Poor herder! He would likely have nightmares for the rest of his life. And guilt, for having survived when his village did not.
Of course, other wildlife would be at the grain as soon as fear was overcome by hunger. She didn't begrudge sharing the grain with the creatures of woods and fields. With this unnatural Winter holding the countryside fast, life was going to be hard on the wild things.
With that accomplished, she stood in the middle of the building, swaying on her feet in a kind of daze until she came to herself and realized that she was exhausted. With a shake of her massive head, she considered her surroundings, decided that it was as good a place to den up as any, and lumbered over to a straw-filled corner to curl up for a nap.
When she woke, the sun shining at an angle in through the wrecked door; it was late afternoon. She made a good meal on a frozen goat, and lumbered out to the edge of the village. She ate snow to clear her nose and mouth and cleanse them of any other scent, then stood very, very still, breathing slow, deep breaths with her eyes closed.
There. Human. But fresher scent than the rest.
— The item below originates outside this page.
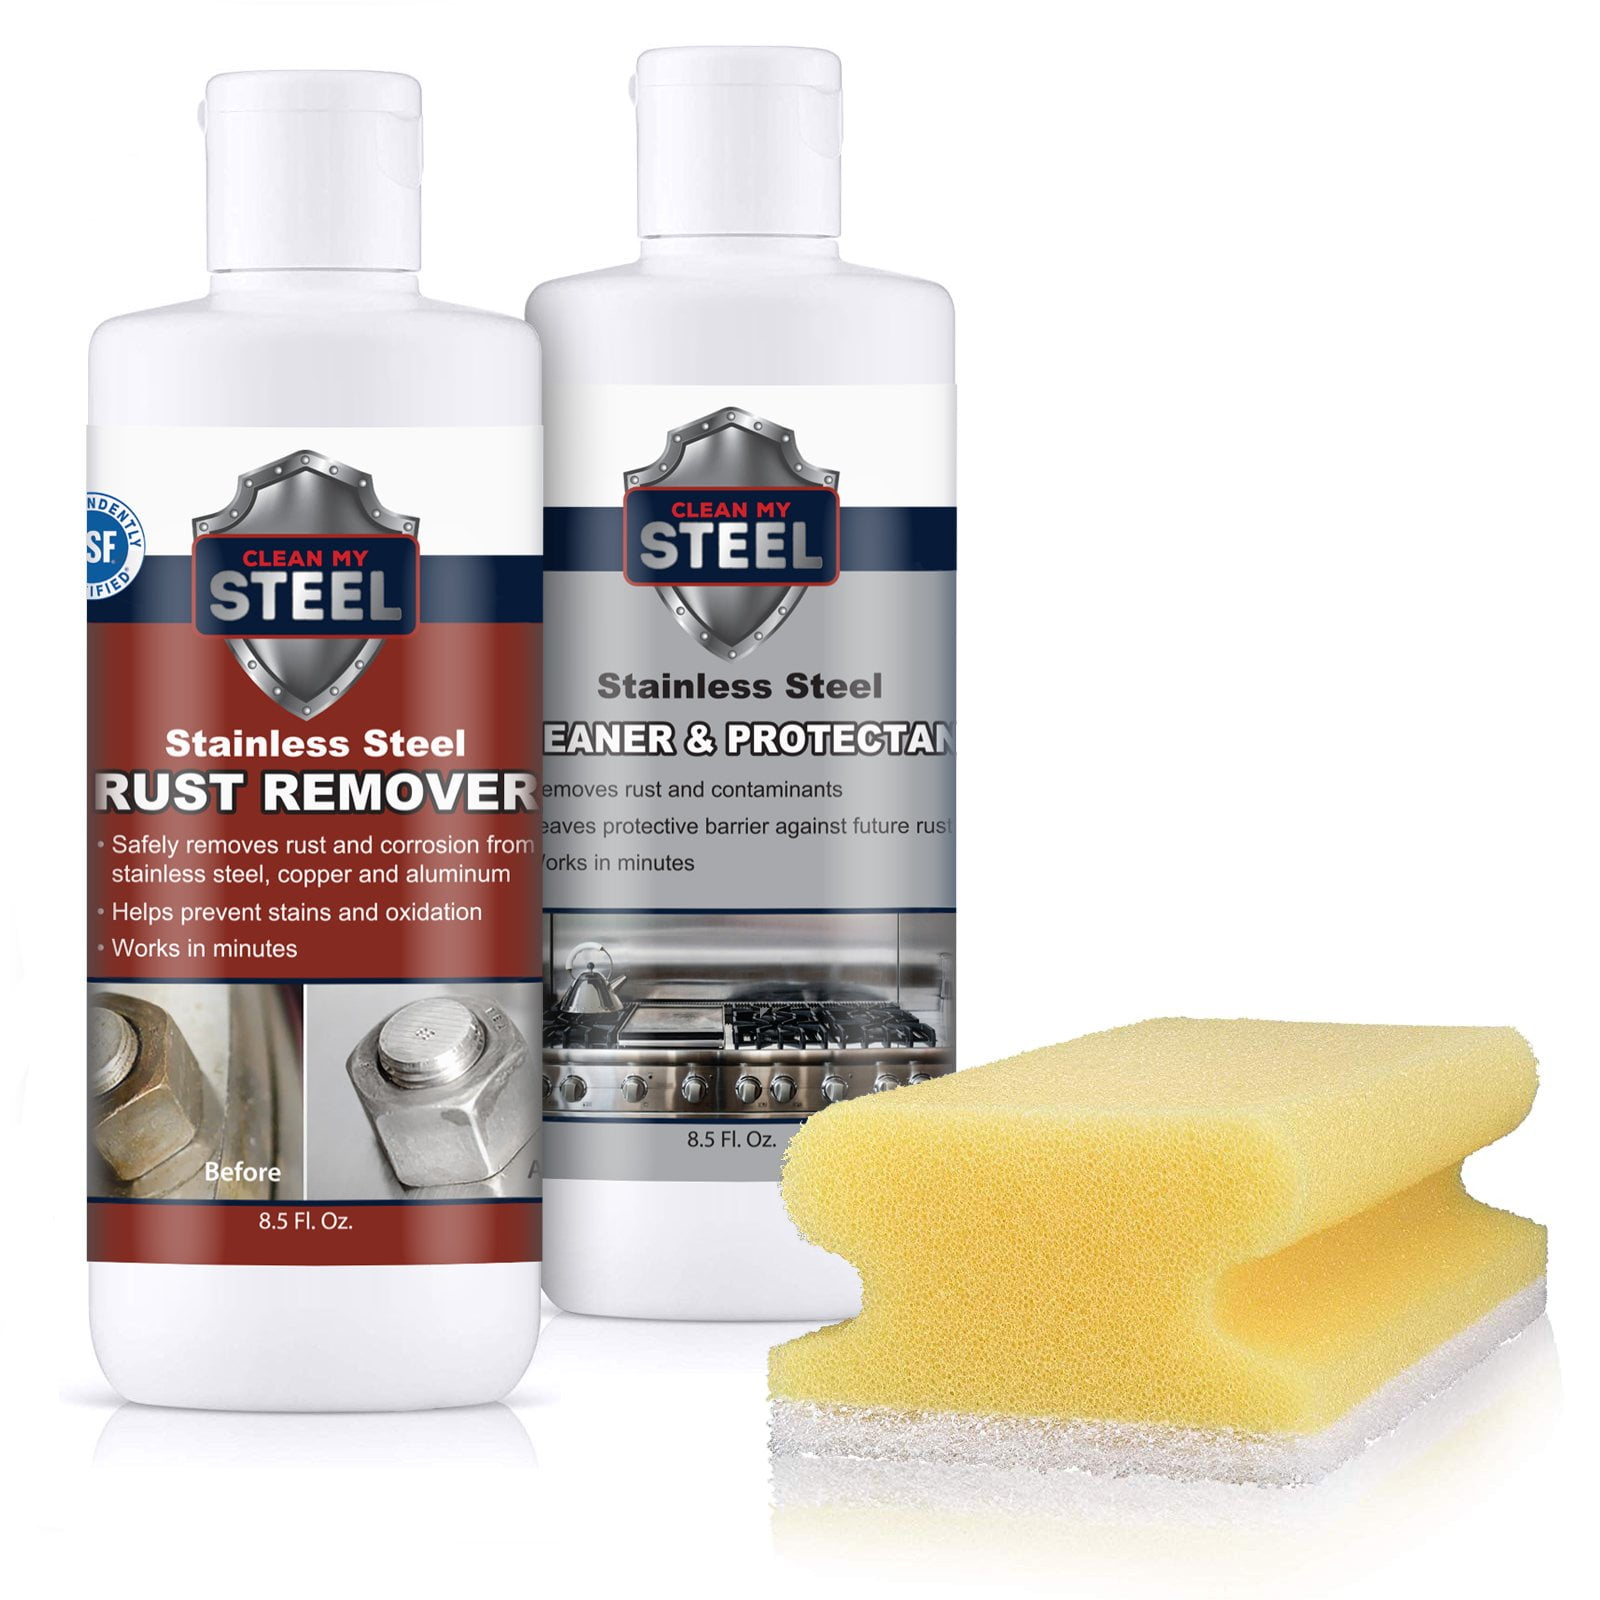  Weiman Stainless Steel Cleaner Kit - Removes

She opened her eyes to discover her head had swung to the right. Still taking the scent in, she followed it until she found what she was looking for.
A human would never have seen it, not unless he was an expert tracker. Beneath the cover of new-fallen snow, the faintest of depressions. Footprints. She snuffled, and concluded with satisfaction that there were three different scents there. It could only be the men that she hunted.
She went back to where she had left her harness and pouch, and pawed and wriggled until she got the harness around her head and over her shoulders. Then she returned to where she had found the scent. With her head down, she began to track it.
She was, of course, not as good as a dog would be. But a Bear was not at all bad at following scent, and this was a Bear's nose with a human mind behind it.
She followed the trail, shuffling along with the Bear's clumsy, and deceptively slow-looking gait, past sunset, past moonrise and on into the night. She felt good — well-rested, with a full belly — and there was absolutely no reason to stop now. A Bear's eyes were not very good, so traveling at night was not exactly the problem it would have been for a creature that depended more upon sight. And as for the danger of attackers — there wasn't much that would be foolhardy enough to attack something as large and powerful as she was, not this early in the Winter. Later, perhaps, when wildlife began to starve, she would have been in danger from wolf packs. But not now, and not as long as there were frozen dead things back in that village. The only danger she was in would be from human hunters, and the only human hunters there would have been out here were all back in that village — dead. Well, there was the possible danger from this Icehart, whatever it was…but so far, its chosen victims all seemed to be humans; the animals it had slain were simply the unfortunate creatures that shared space with its intended victims.